Worried about keeping time during the twenty minutes? Insight Timer has a free meditation timer app for both Android and iPhones.  The app has a variety of chimes to both open and close the twenty minute time of prayer.  To draw the group out of the time of interior silence, the leader may consider praying the Lord’s prayer very softly.

We hope this liturgy will be useful to you for your own centering prayer practice, for leading a group in your congregation, or to use with a group of clergy.

Centering Prayer Liturgy

Call to Worship:

One: The peace of our Lord Jesus Christ be with you.

All: And also with you.

One: Blessed be the one, holy, and living God.

All: Glory to God for ever and ever.

Prayer:

Loving God, in the height of this day we pause to rest in you.  Quiet our minds that they may be still, fill our hearts that we may abide in love and trust.  Christ, as a light illumine and guide me.  Christ, as a shield overshadow me.  Christ under me; Christ over me; Christ beside me on my left and my right.

Reading

Prayer:

Holy God, open our hearts to the silent presence of the Spirit of your Son.  Lead us into that mysterious silence, where your love is revealed to all who call, ‘Come, Lord Jesus.’

20 minute sit

Psalm

Go in peace

Click here for a copy of this liturgy, ready to be printed, copied, and used with a group.

–Catherine Wilson

Image by flickr user ninjapotato via Creative Commons.

2 thoughts on “Centering Prayer Liturgy and Resources

  1. Thanks Catherine!
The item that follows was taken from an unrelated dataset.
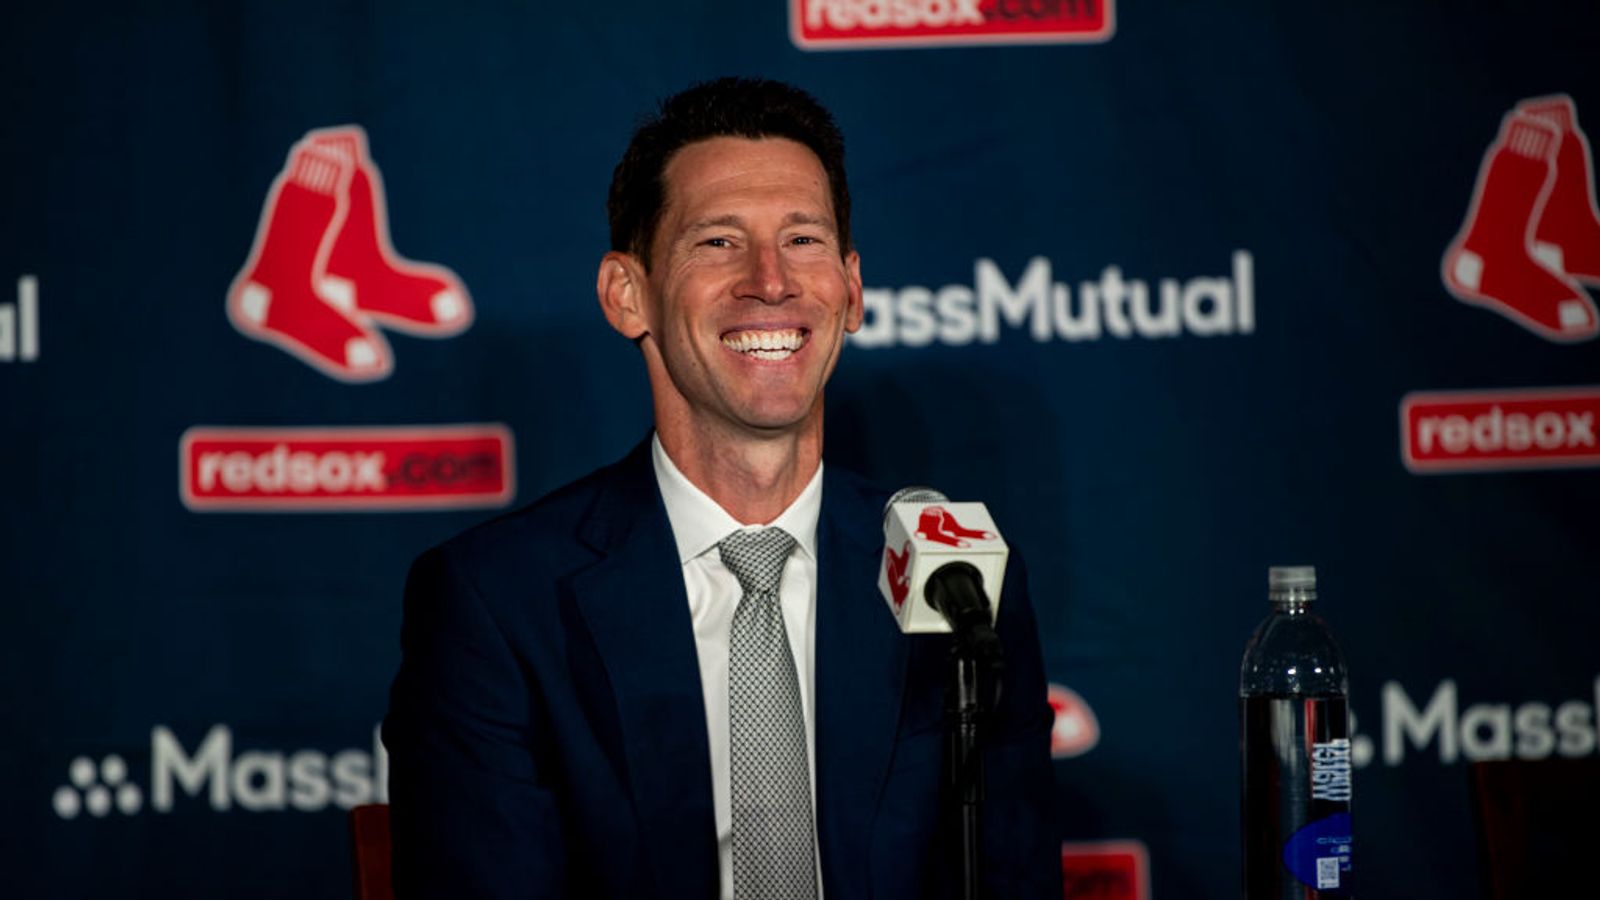 Coolbaugh: Craig Breslow exudes confidence, but will Red Sox give him tools  to succeed?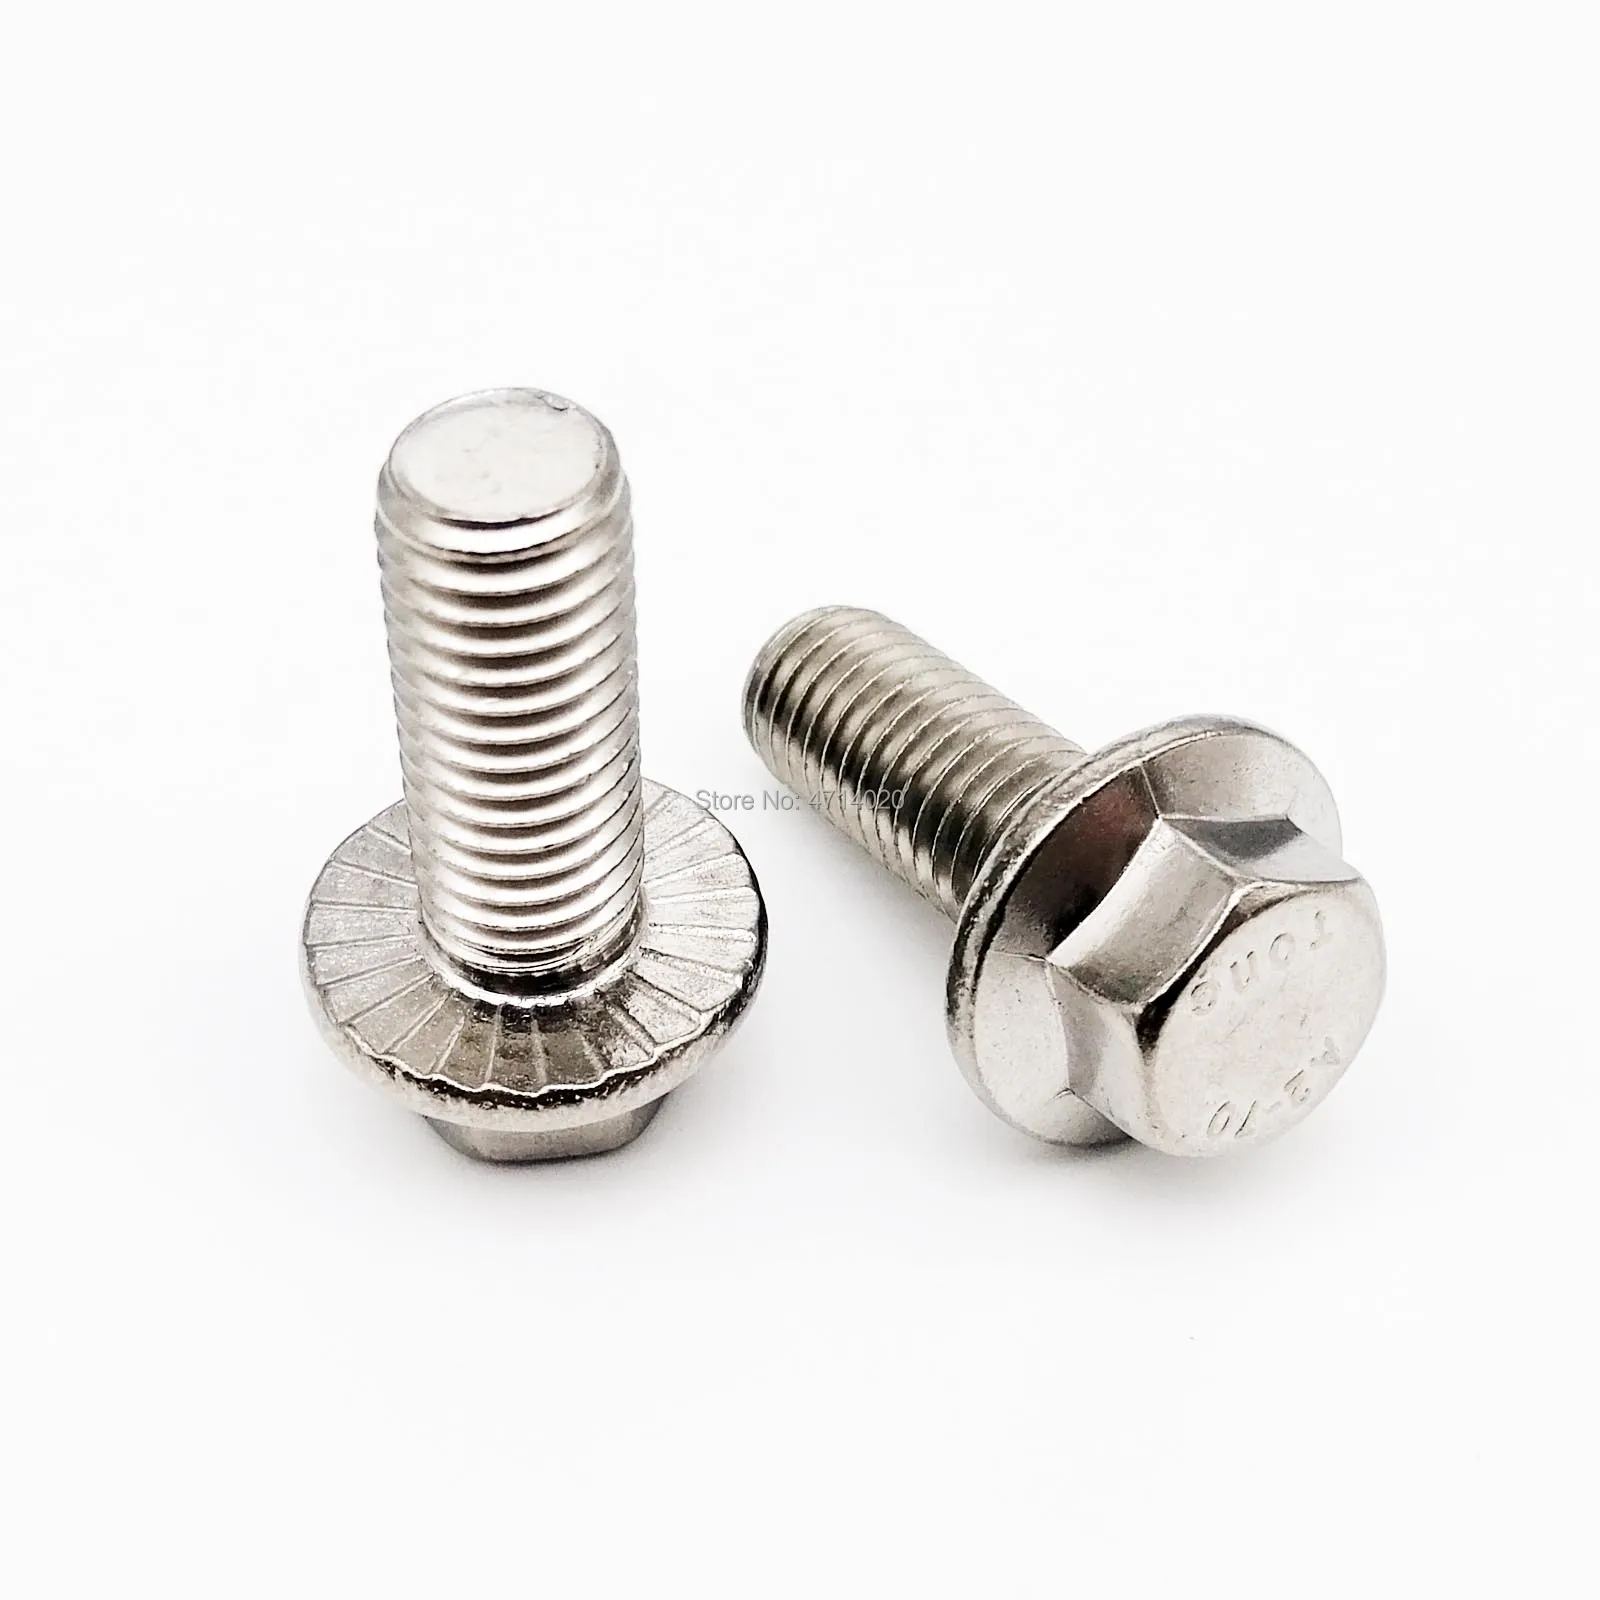 8mm M8 A2 STAINLESS HEXAGONAL FLANGE BOLTS WITH FREE A2 SERRATED FLANGE NUTS *

I’ve tried leading Centering Prayer a couple times in my church but I think it’s hard for people to hear an explanation and then jump right into the silence. Using a liturgy could help ease them in and have the silence feel less daunting.

    • Hi John,
      So glad this seems to meet a need. I agree that the liturgy can help ground the stillness and silence in scripture and clearly invite God into the space. Let us know how it goes if you are able to try it with another group.